It might be possible to reuse the float32 microkernel.
Google recommends the use of bfloat16 with TensorFlow and it is relatively straightforward to understand that it is a better use of bits to have an 8-bit exponent like float32 than the 5-bit exponent used by IEEE float16.
Intel's public statement on bfloat16 is:
Over time, Intel will be extending bfloat16 support across our AI product lines, including Intel Xeon processors and Intel FPGAs. This is part of a cohesive and comprehensive strategy to bring leading AI training capabilities to our silicon portfolio.
Disclaimer: I work for Intel.
Additional references:
- https://software.intel.com/en-us/articles/performance-benefits-of-half-precision-floats
- https://software.intel.com/sites/landingpage/IntrinsicsGuide/#text=vcvtps2ph
- http://developer.amd.com/wordpress/media/2012/03/47414_15h_sw_opt_guide.pdf
@jeffhammond Once again, this was very helpful Jeff. Thank you.
I had never even heard of bfloat16
before today. I can see why it would be preferable (especially for ML/AI applications) given the trade-off between exponent and mantissa.
Yes, bfloat16
is all the rage for inference right now for deciding which bucket to put something in. It's also worth mentioning the 8-bit integer quantization approach taken by https://github.com/google/gemmlowp.
Disclaimer: I sit next to the author at work.
int8 and int16 are usually employed for inference although I’m aware of some efforts to use in training. Not sure if worth the software pain though.
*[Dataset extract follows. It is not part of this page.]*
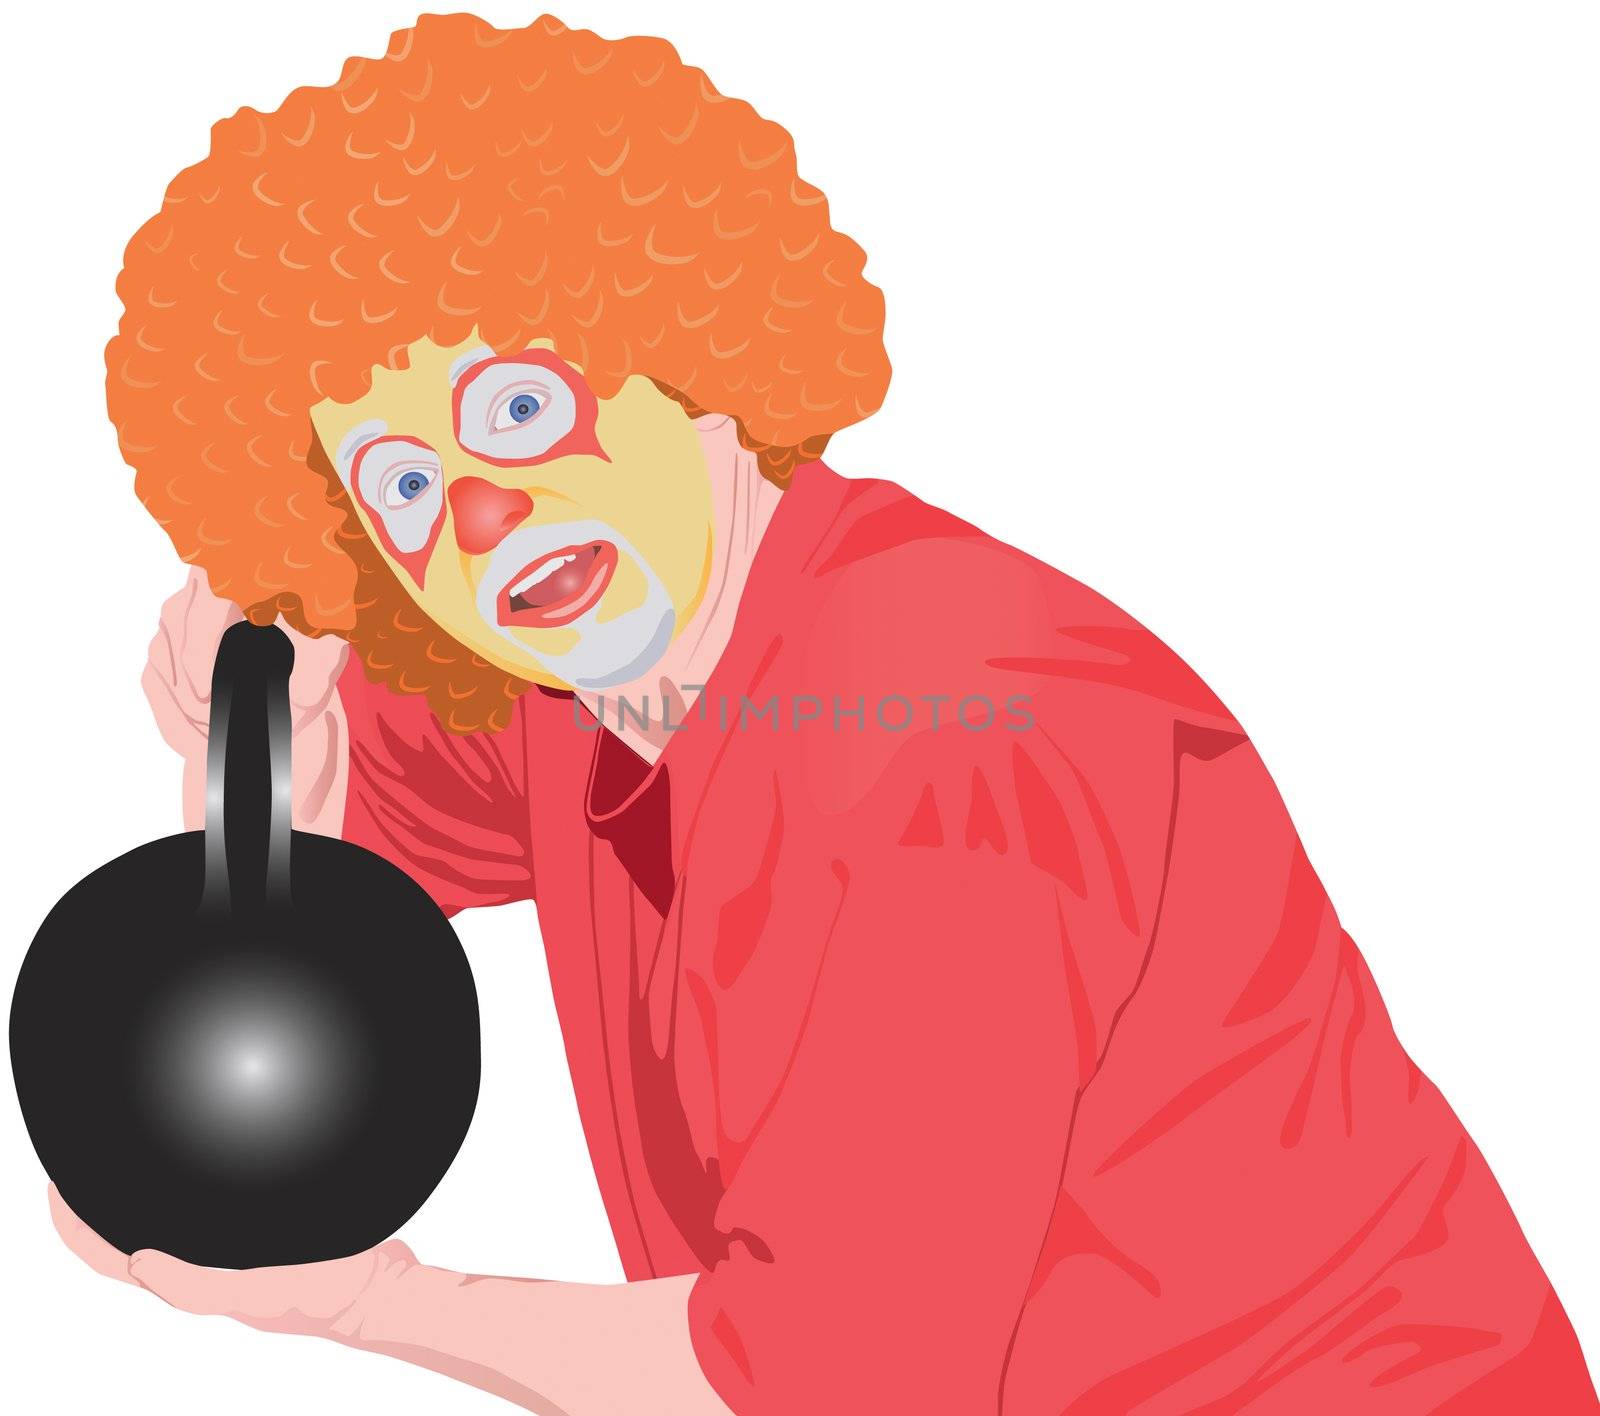 The clown with a weight

ARMv8.2 defined instructions for FP16 (IEEE format) computations. These are natively supported in Cortex-A55 and Cortex-A75 cores, e.g. Snapdragon 845, with the same per-instruction throughput and 2x FLOPS of FP32 computations.
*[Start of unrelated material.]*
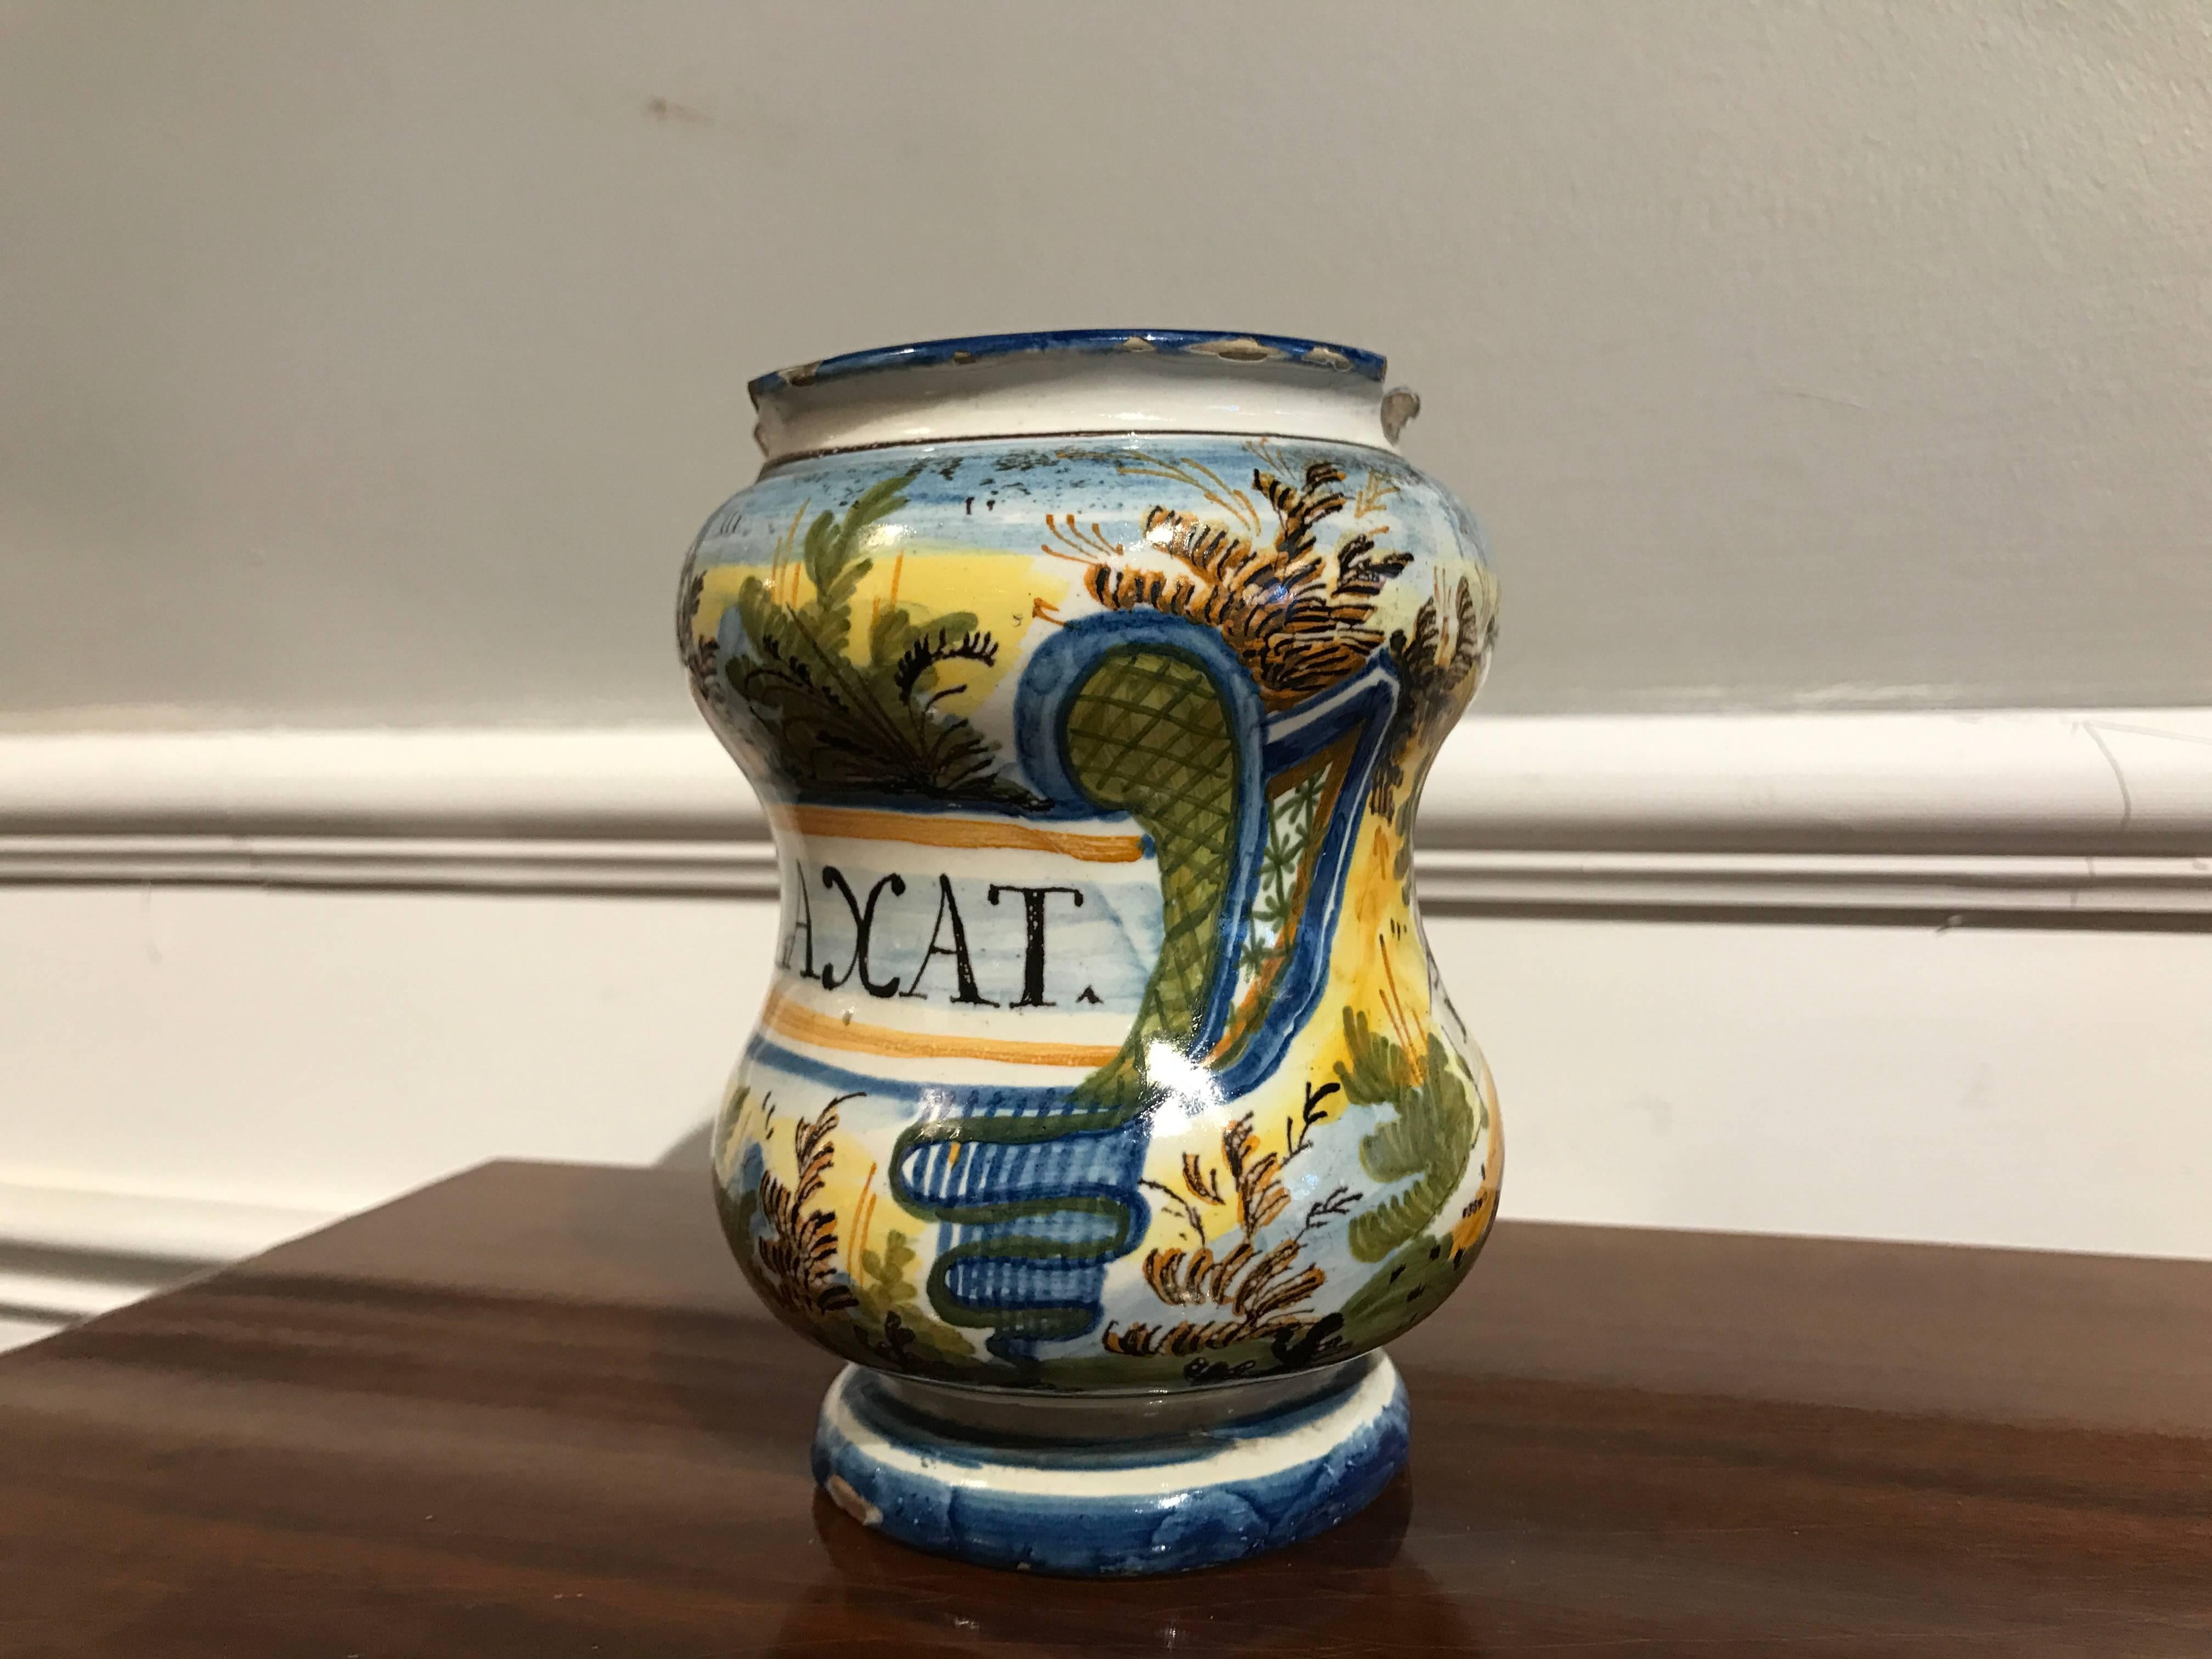 An Italian Baroque Castelli albarllo, also known as a pharmacy or drug jar. It held 'Benedict Laxat' listed as far back as Aristotle as a medication used in by midwives. Beautifully decorated with buildings in landscapes in the free, almost

hi again. Are you guys still considering adding half-precision support to BLIS? FWIW there does seem to be a bit of a hole in the market for portable LA library that supports this. I know of FBGEMM from Facebook but it is x86-only and uses a scary JIT, and last I tested the ARM Compute Library's GEMM it was really slow compared to BLIS. CLBlast is nice, but only works with OpenCL.
https://arxiv.org/pdf/1904.06376.pdf ("Leveraging the bfloat16 Artificial Intelligence Datatype For Higher-Precision Computations") is relevant reading for anyone following this thread.
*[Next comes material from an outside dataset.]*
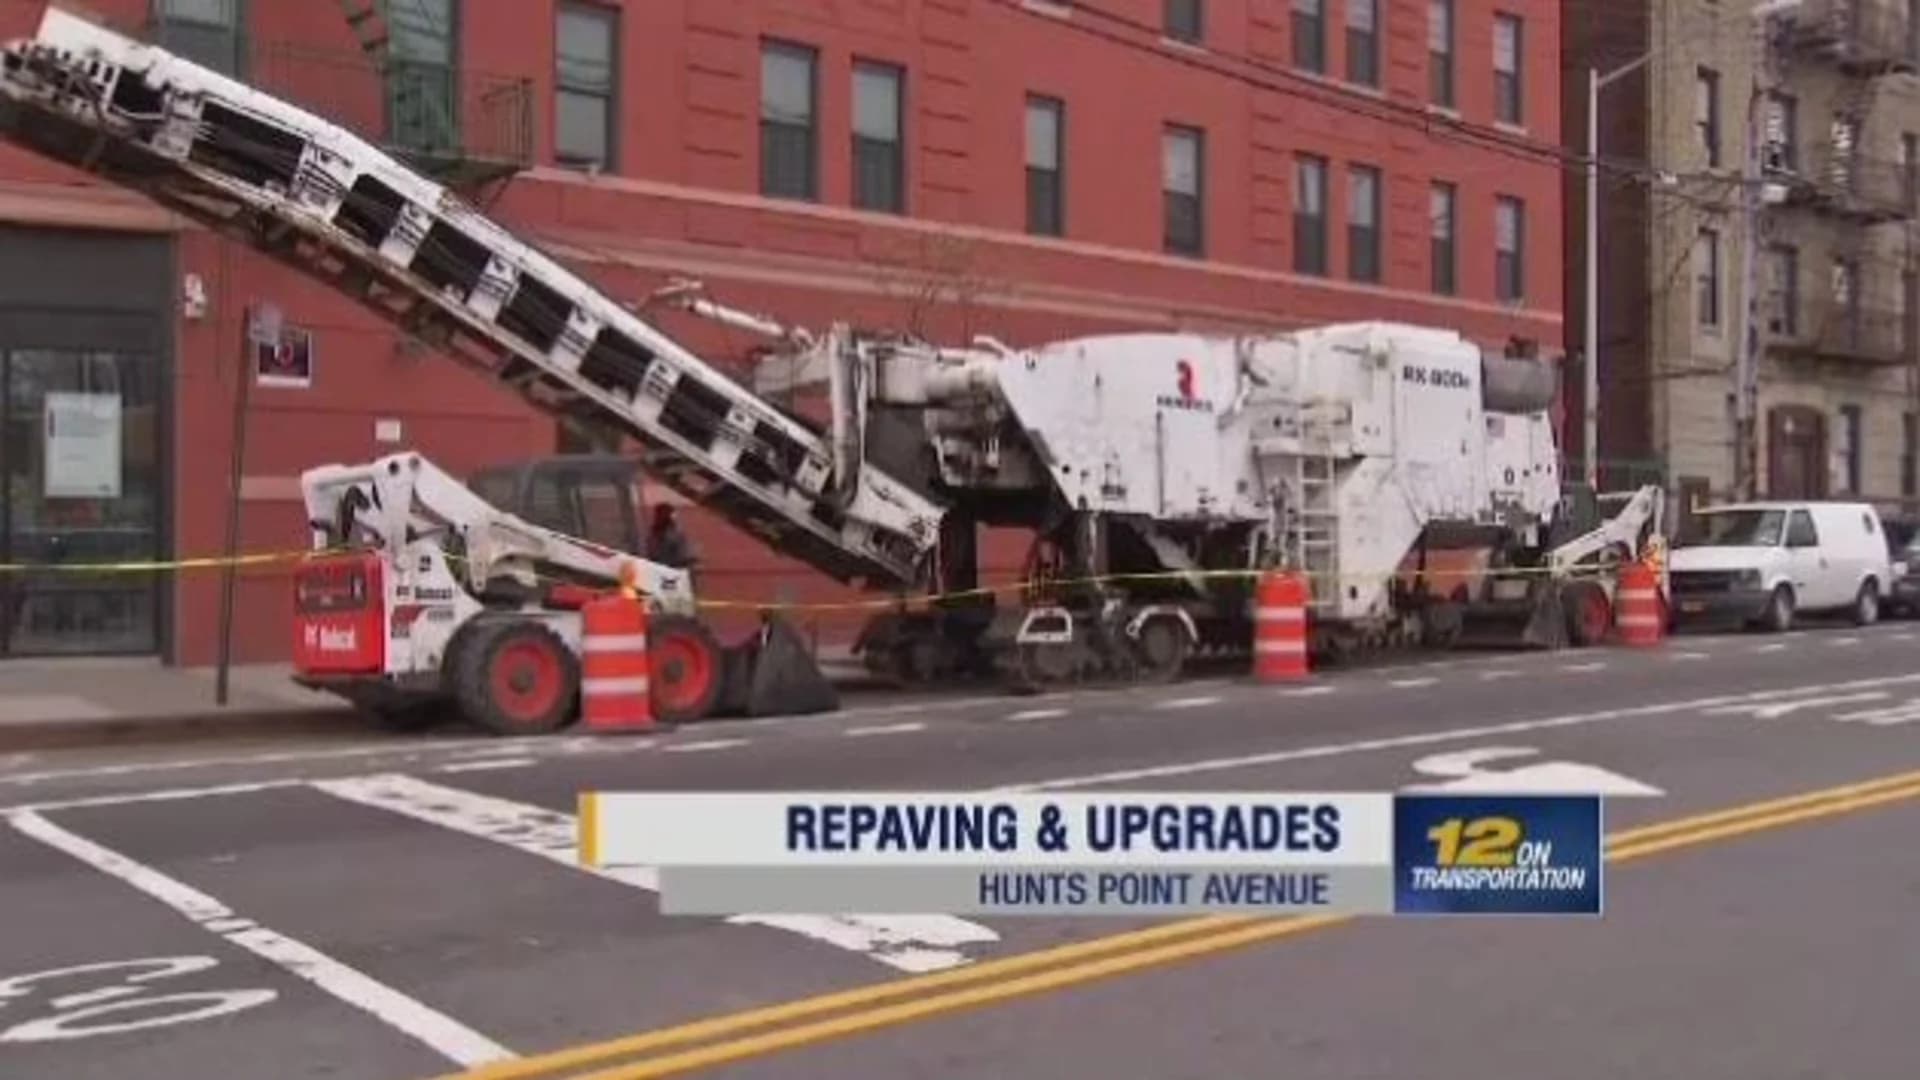 Work set to begin on Hunts Point Ave. paving project

@jacobgorm I have spoken to @dnparikh and @fgvanzee about this on a number of occasions and I am confident that this is a priority for them.
@fgvanzee I'd like to recant my prior comment in https://github.com/flame/blis/issues/234#issuecomment-405753540. For quantum chemistry, float16 might end up being more interesting. We are still studying this but it is ideal to have both for our experiments.
Intel published the BF16 ISA in the April 2019 update (319433-036) of the Intel® Architecture Instruction Set Extensions and Future Features Programming Reference.
There is an unofficial synopsis for those who don't want to search the 149-page PDF on Anandtech.
@fgvanzee I'd like to recant my prior comment in #234 (comment). For quantum chemistry, float16 might end up being more interesting. We are still studying this but it is ideal to have both for our experiments.
I'm trying to imagine what could have changed (what observations you could have made) that would flip the polarity on this issue. (You need those extra three bits of mantissa after all?)
Jacob,
Investigating bfloat16 is on our priority list. We are waiting for word on funding from a sponsor, which may bump it higher on the priority list.
Robert
I'm trying to imagine what could have changed (what observations you could have made) that would flip the polarity on this issue. (You need those extra three bits of mantissa after all?)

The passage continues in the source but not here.